Conquering the wines of the New World

Text and photos by Maria Victoria Wazar, first published in

Before starting on what today is the result of years of manual work, of applying empirical knowledge that has resulted in the transmission of vine cultivation from generation to generation, it is important to make a brief introduction to the history of wine in Latin America. From Mexico City to Brazil, Uruguay, Venezuela, Bolivia, not forgetting of course Chile and Argentina, whose vineyards have today achieved worldwide renown. We will discover how the wine-growing identity of each of these countries is the product of a past, of an indisputable trajectory in terms of heritage and assets accumulated over centuries.

Chile: a little history…

It is obvious that the introduction of the wine into Latin America was the result of the presence of the first Spanish settlers. In 1551, the Spaniards introduced the first grape plants to Chile, and the first wine made from them was produced in 1555.

It should be noted that wine at that time was consumed mainly during religious ceremonies carried out by the Spanish Catholic missions. This explains why the search for quality was not the focus of the “consumer”. The production and consumption of these wines increased significantly thanks to a tragic event in Europe: the phylloxera crisis. This bacterial disease affects grapes, completely devastating thousands of hectares, especially in France. This terrible event, which occurred in the third half of the 19th century, had a positive impact on South American viticulture.

The demand for wine in Europe had to be satisfied and so Chilean wines, for example, were successfully exported. In terms of quality, Chilean wine improved. The European clientele being quite demanding, wine producers began to take an interest in quality, terroir and the different methods of winemaking.

The modern method of winemaking appeared precisely in 1860 when the rich landowners around Santiago asked French producers who were unemployed due to the phylloxera crisis to cultivate the newly imported vines.

From the 19th century onwards, countries such as Chile and Argentina established themselves as producers of cheap wines with good value for money. Chile has never been affected by this bacterial disease, thanks in particular to its natural “barrier” formed by the Andes Cordillera, the Atacama Desert and the Pacific Ocean.

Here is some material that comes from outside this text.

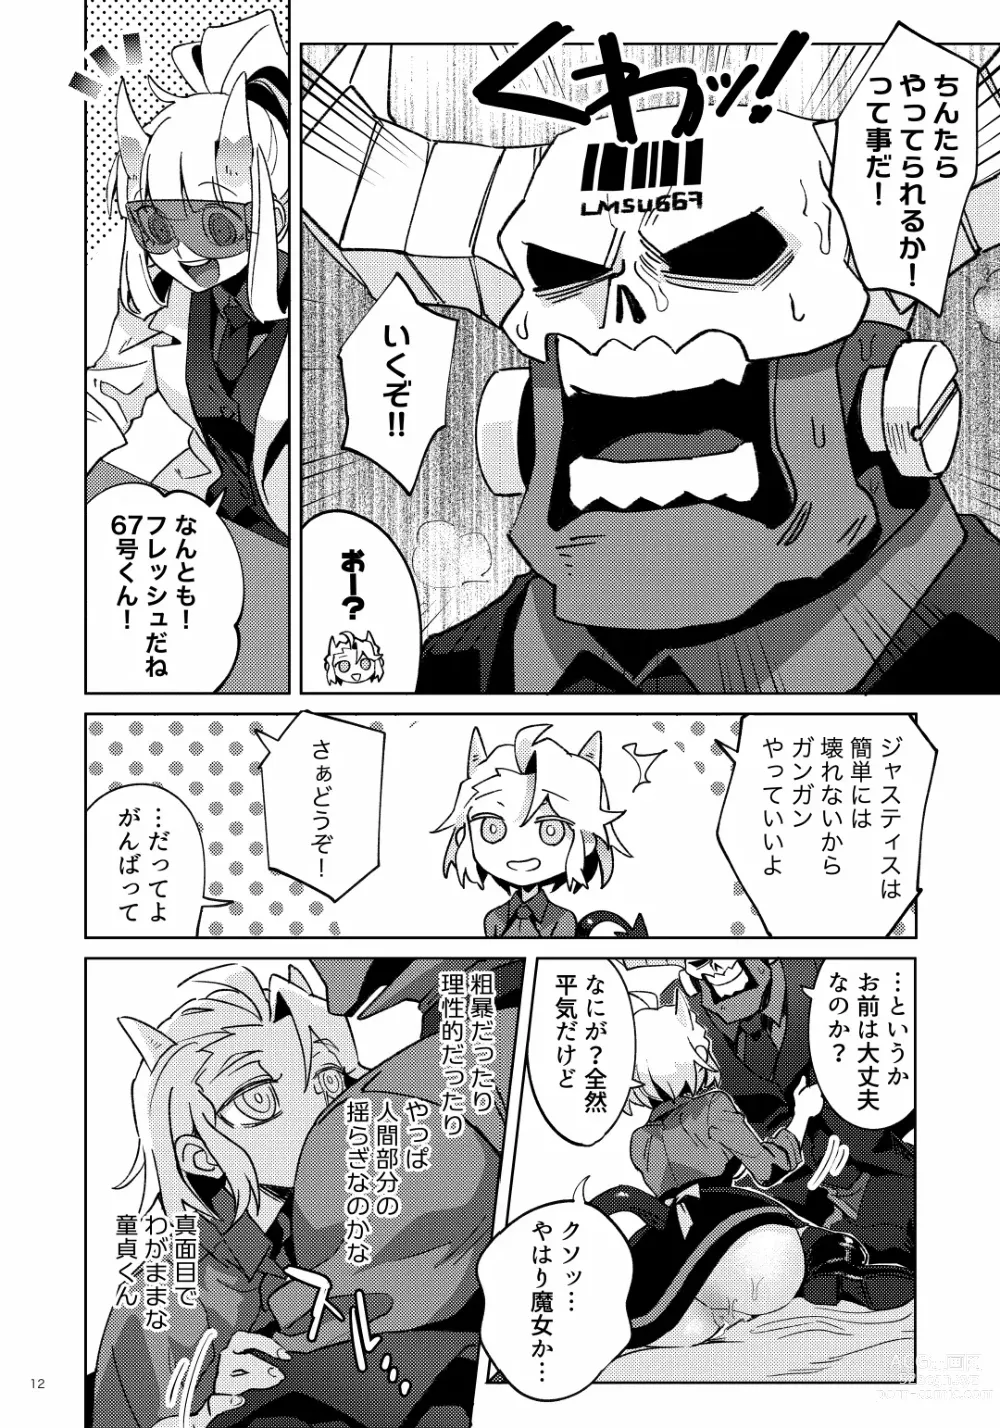 Page 11 of doujinshi Re:

During this period, the roots of grape varieties such as Merlot, from Bordeaux, were pulled up to be planted in Chile. Before the phylloxera crisis, the Bordeaux vineyard was very different from what it is today; there was a dominant of Merlot and Carménère grape varieties. Before this crisis, 60 to 90% of the vineyard was planted with Carménère, a grape variety that is just as popular as Cabernet Sauvignon. But the irregular yields of Carménère contributed to the abandonment of this variety during the 20th century.

In the mid-1980s, a considerable effort on investment and modernisation began in Chilean vineyards. These investments mainly included artisanal work, technical development, access to new technologies and the acquisition of trends in the search for a wine that meets international expectations. This explains why today Chile is the main wine producing country in South America.

Carmenere: the Chilean diva

This comes as no surprise when one hears a winegrower express himself towards the Carménère: “it’s a slightly strange clone of the Merlot”. In reality, for several decades, most winegrowers were unable to establish the differences between Merlot and Carmenère because the grapes were identical. Winemakers discovered to their great surprise, after a DNA analysis in 1996, that what they were growing and releasing on the market as Merlot was none other than Carmenère.

In 1998, they began printing “Carménère” on the labels of the Chilean wineries producing these wines. Today it is easier to distinguish between Merlot and Carménère. According to experts, the difference is in the colour under the leaves of the wine; they are red on Carmenère and white on Merlot.

Carménère is a variety that goes wonderfully with Cabernet Sauvignon. When blended, these varieties give the wine a lively character, aromas and a sensation of intense fruit on the palate. Once in the cellars, the wine made from Carménère requires a great deal of care; its low acidity makes it more susceptible to bacterial infection. It is also this low acidity level that gives the wine its particularly delicious red and black fruit taste and spicy notes. The tannins are powerful and fine giving the wine its body and structure. On the palate, the wine reflects a complexity that refers to the aromas of coffee, grilled meat, celery, and even soy sauce for some. Most tasters appreciate Carménère and like to say that it was born to improve Cabernet Sauvignon as well as Merlot.

Oenotourism: “The Chilean route”

This tour includes 4 days from Santiago. It includes vineyards less than 200 km away. A small diagram will give you an idea.

The best part of this tour: several wineries offer spectacular visits (especially the most important ones) with horseback rides through the vineyards as well as accommodation in surprising rooms.

The downside of this tour: ground transport can be tiring. The ideal is, if you are travelling in a group, to rent a minibus with a driver who already knows the routes to be taken.